On The Liz Truss Show (YouTube) the former UK prime minister argues that Britain has “fallen”, and she does so without recourse to facts or kindness or ideological coherence. It’s the sort of hateful, self-pitying and fearful guff beloved of the right-wing snowflake community.

But forget the specifics. I’m here to marvel at the phenomenon of Truss, a woman who crashed the British economy, sitting in what looks like the chilly hallway of a shared house complaining about the competence of other politicians.

The show begins and ends with Truss ranting at a desk. Halfway through each sentence she loses faith, then dozes off for a bit before rousing herself for the last clause.
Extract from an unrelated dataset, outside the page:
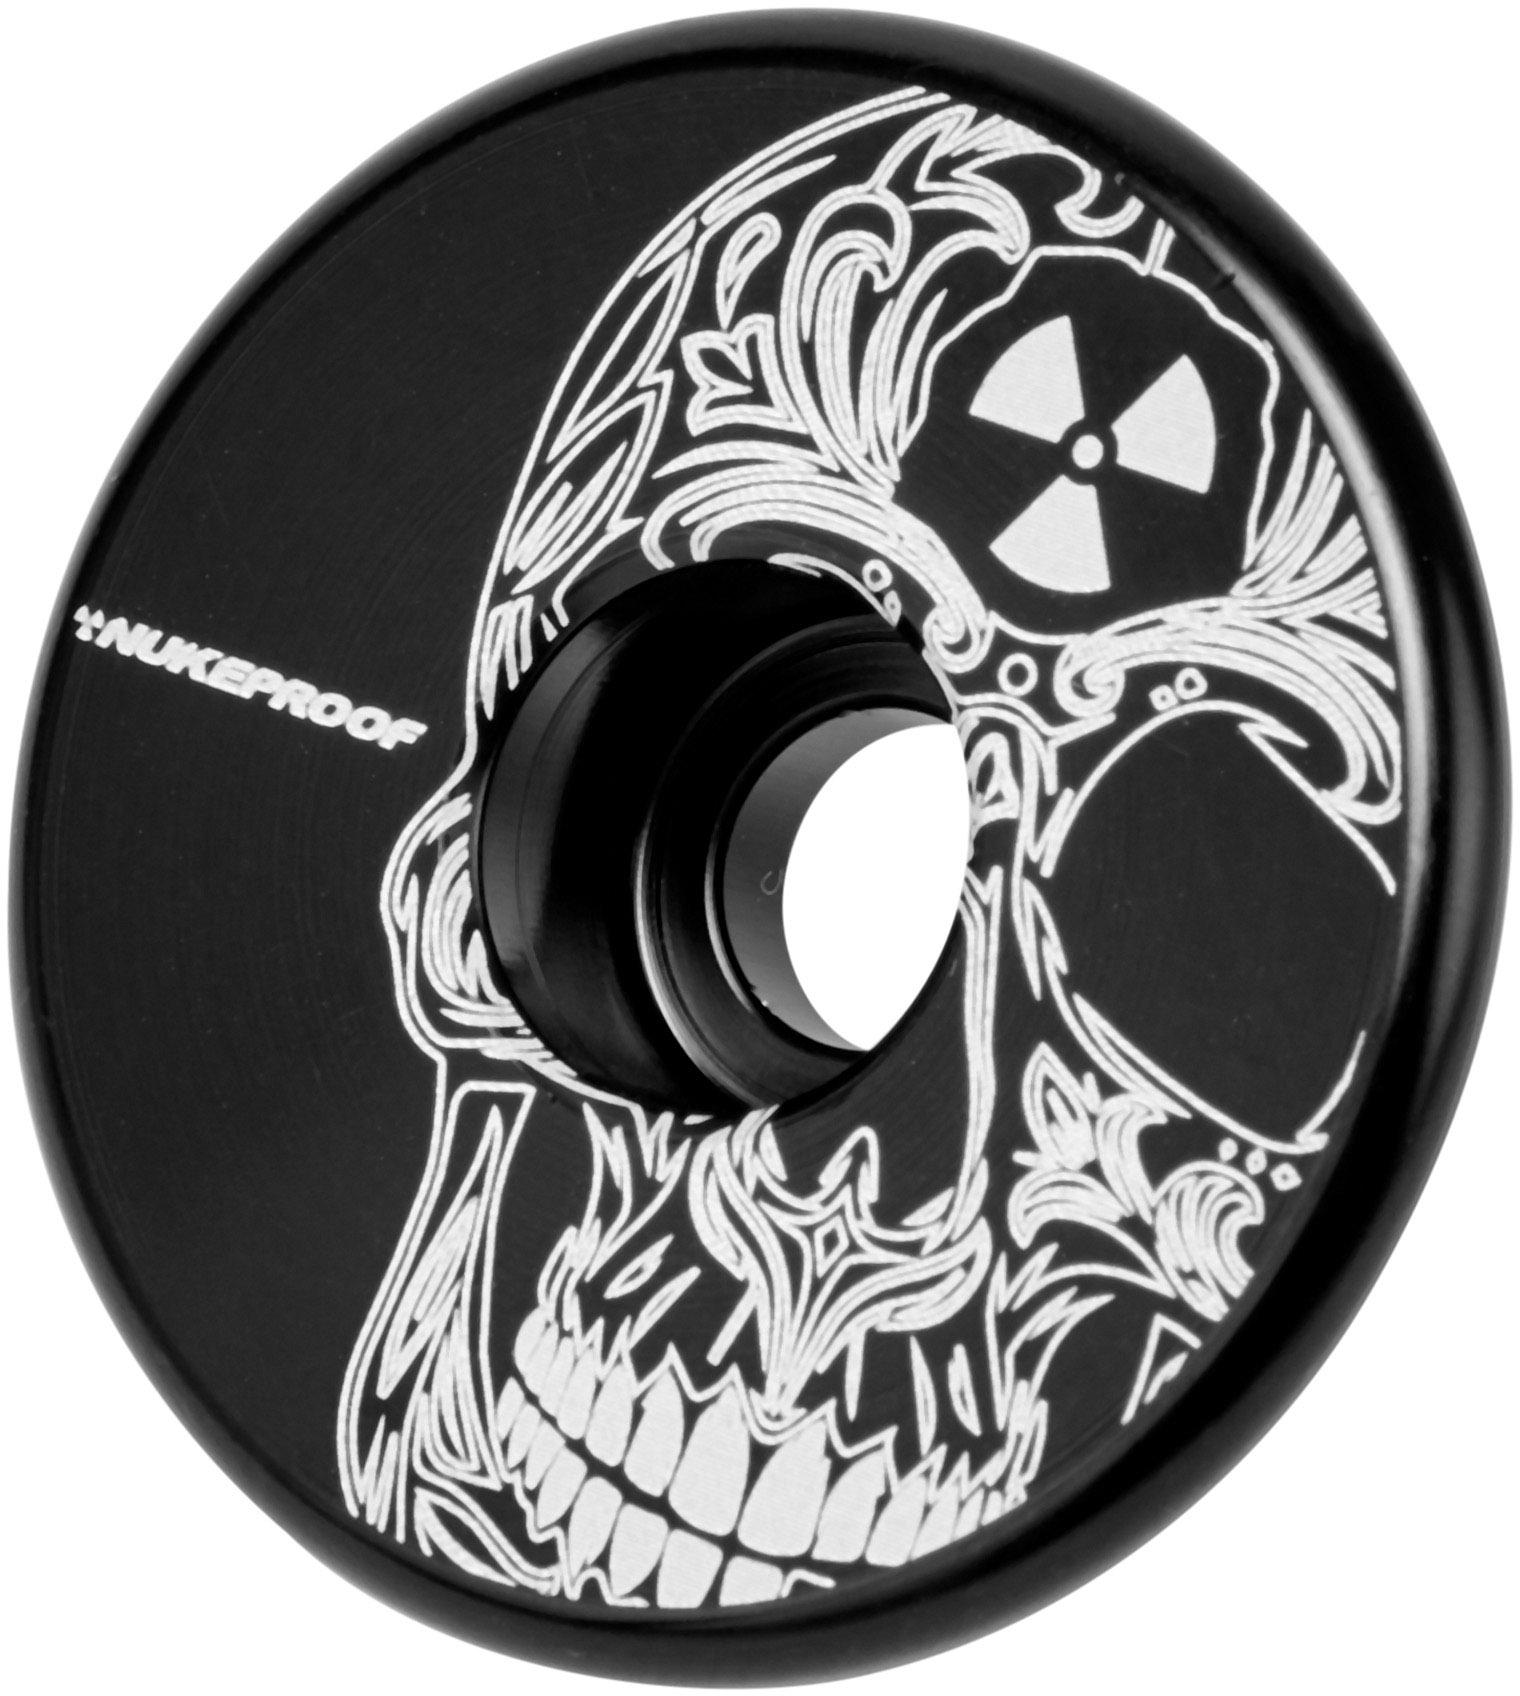 Nukeproof Headset Top Cap And Star Nut  Skull

Later, during the interview segments, she gazes into the middle distance across a coffee table, and the patriotic clownfolk she is interviewing all seem unsure where to look. These people love a good fantasy, and Truss is, sadly for them, the policymaking reality of their rotten dreams.

And what dreams! Truss lives in the uncanny valley. Sometimes she blinks too much. Sometimes she blinks not at all. She smiles constantly. When she speaks she does so with the surprised force of someone who has just remembered that she left the cooker on or that she misplaced the economy. Occasionally she lifts her arms, like Lord Summerisle, to make a point but seems to forget to lower them again.

It often feels as if she’s Weekend at Bernie’s-ing herself. There’s a plant on the coffee table. It is, I eventually conclude, the most charismatic plant I have ever seen. Now that’s a plant with vision, a plant I could vote for.